Web scraping is the process of automatically extracting data from websites using scripts. ChatGPT is able to generate the web scraping script code for you. Let’s see how this works …
IMDb is a website that provides information about movies, TV shows, and other forms of entertainment, including a chart of the top rated movies, The website https://www.imdb.com/chart/top/?ref_=nv_mv_250
displays a list of the top 250 rated movies on IMDb, including their title, cast, director, and IMDb rating:
Let’s say we’d like to use web scraping to extract movie information from this website with Python and it’s web scraping library BeautifulSoup. Maybe ChapGPT is able to help us to write the needed code. Let’s simple ask ChatGPT to perform this task by entering the following request:
Web scrape https://www.imdb.com/chart/top/?ref_=nv_mv_250 with Python and BeautifulSoup
ChatGPT is then responding with the specific implementation steps and the corresponding source code in Python like you can see in the following screenshot:
Ok, that is already a great result and helps us understanding how the source code is performing its task. However, we want to have the implementation in just one file, so that we only need to copy and paste it. Let’s ask ChatGPT again to provide the Python web scraping script in just one file:
Please provide the code in one file.
Great ChatGPT is responding with the full and complete source code right away:
In the following listing you can see the complete Python code which was generated by ChatGPT:
from bs4 import BeautifulSoup
# Retrieve the HTML content of the website
url = 'https://www.imdb.com/chart/top/?ref_=nv_mv_250'
response = requests.get(url)
# Parse the HTML content
soup = BeautifulSoup(response.text, 'html.parser')
# Find all movie elements
movies = soup.find_all('td', class_='titleColumn')

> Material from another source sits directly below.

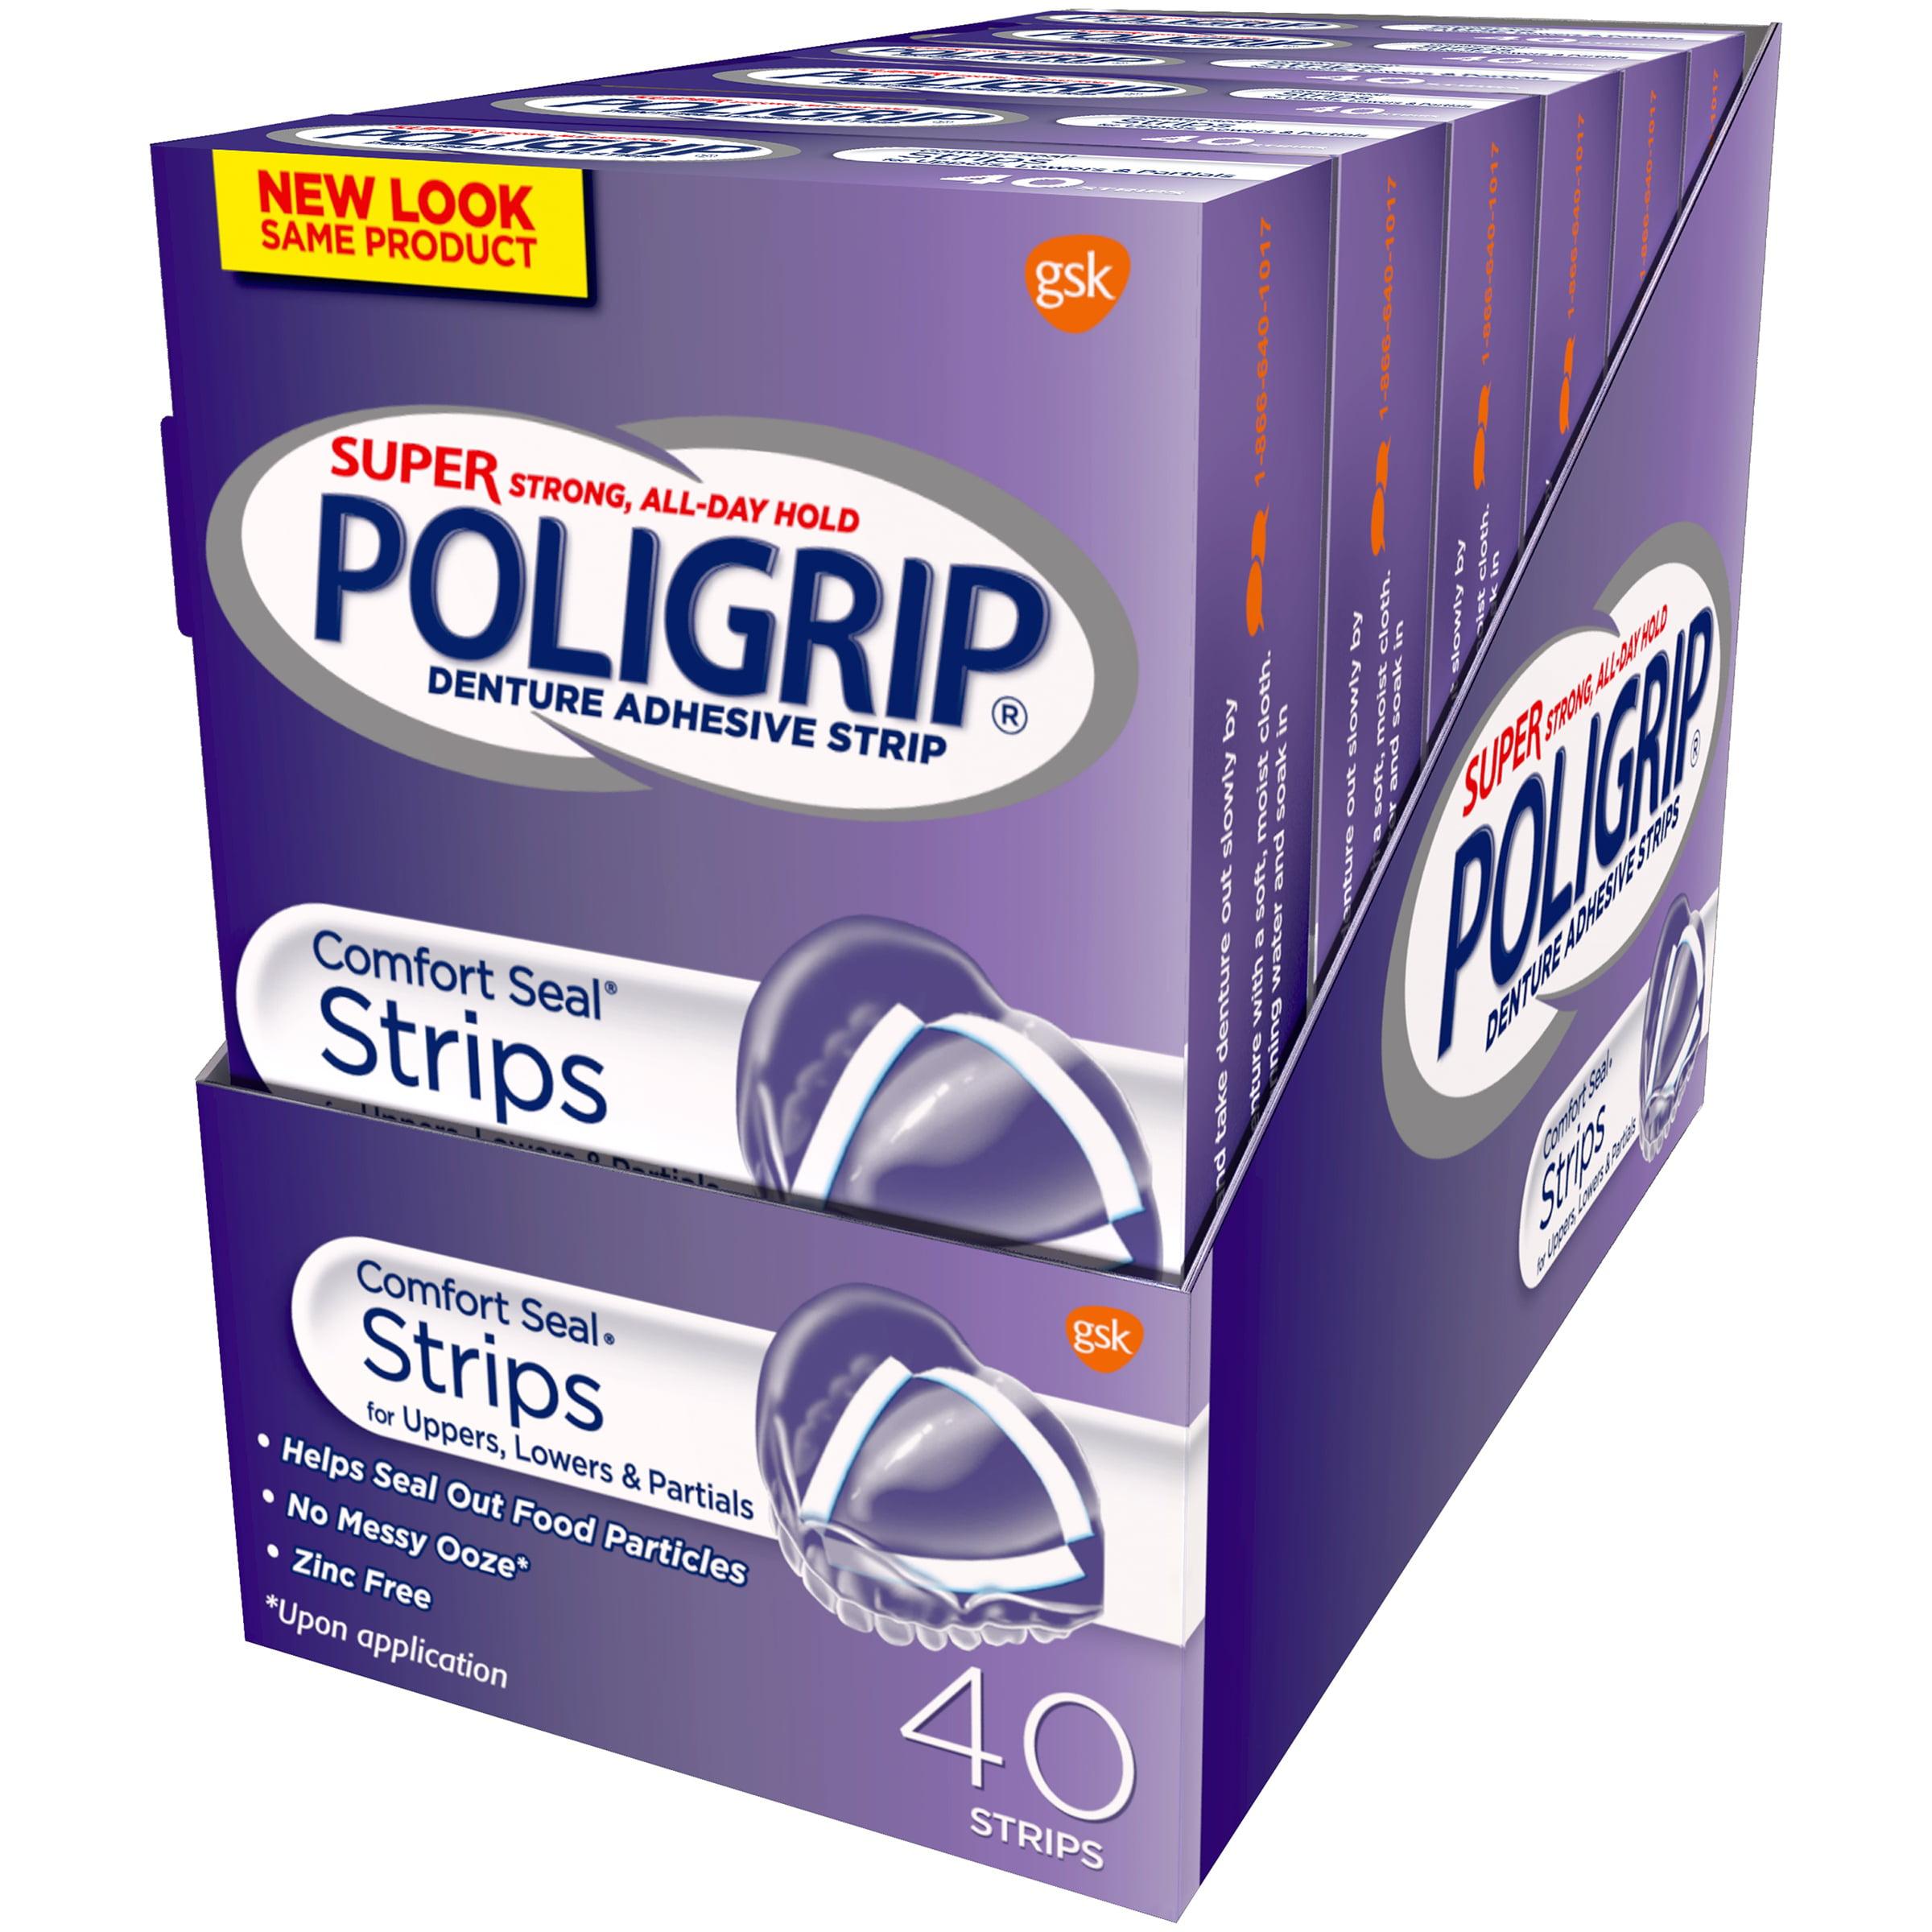 Cushion grip denture adhesive walmart - Super Poligrip Comfort Seal Denture Adhesive Strips 40 Count Boxes Walmart Com

# Extract the desired information
data = []
for movie in movies:
title = movie.find('a').text
year = movie.find('span', class_='secondaryInfo').text
data.append({'title': title, 'year': year})
# Create a dataframe and save it to a csv
df = pd.DataFrame(data)
df.to_csv('imdb_top_movies.csv', index=False)
Let’s try out if the code is working as expected. Therefore we first need to create a new file:
$ mkdir chatgpt-web-scrape
$ cd chatgpt-web-scrape
$ touch webscrape.py
And then we can copy and paste the code into webscrape.py:
Let’s start the python script by entering the following command on the command line:
$ python webscrape.py
The script is running and after a few secods you can notice that a new file imdb_top_movies.cvs has been created and is containing the extracted movie information in CSV format.
ChatGPT has generated a web scraping script which is working out of the box. No need to adapt the code manually. That’s a great result.
In our original request to ChatGPT we have not specified which movie information should be extracted from the website. ChatGPT decided to extract the movie name and the year of publication. Let’s say we’d like to also include the rating. Type in the following into ChatGPT:
Also retrieve the IMDb rating for each film
ChatGPT provides you with detailed instructions and code snippets for changing the existing code to also include and extract the rating information:
We can now ask ChatGPT again to incorporate this changes into the script:
Please give me the full code in one with, with the try-except block
This is then generating the complete Python script again, including the changes for extracting the addtional information from the website:
Conclusion
The example of this tutorial showed that ChatGPT is a great help when generating script for web scraping. In fact, we were able to just input our simple requirements into ChatGPT and as a result we received a Python script which is able to perform the task without the need of any adaptions. That is making web scraping a lot easier and gets you started in no time.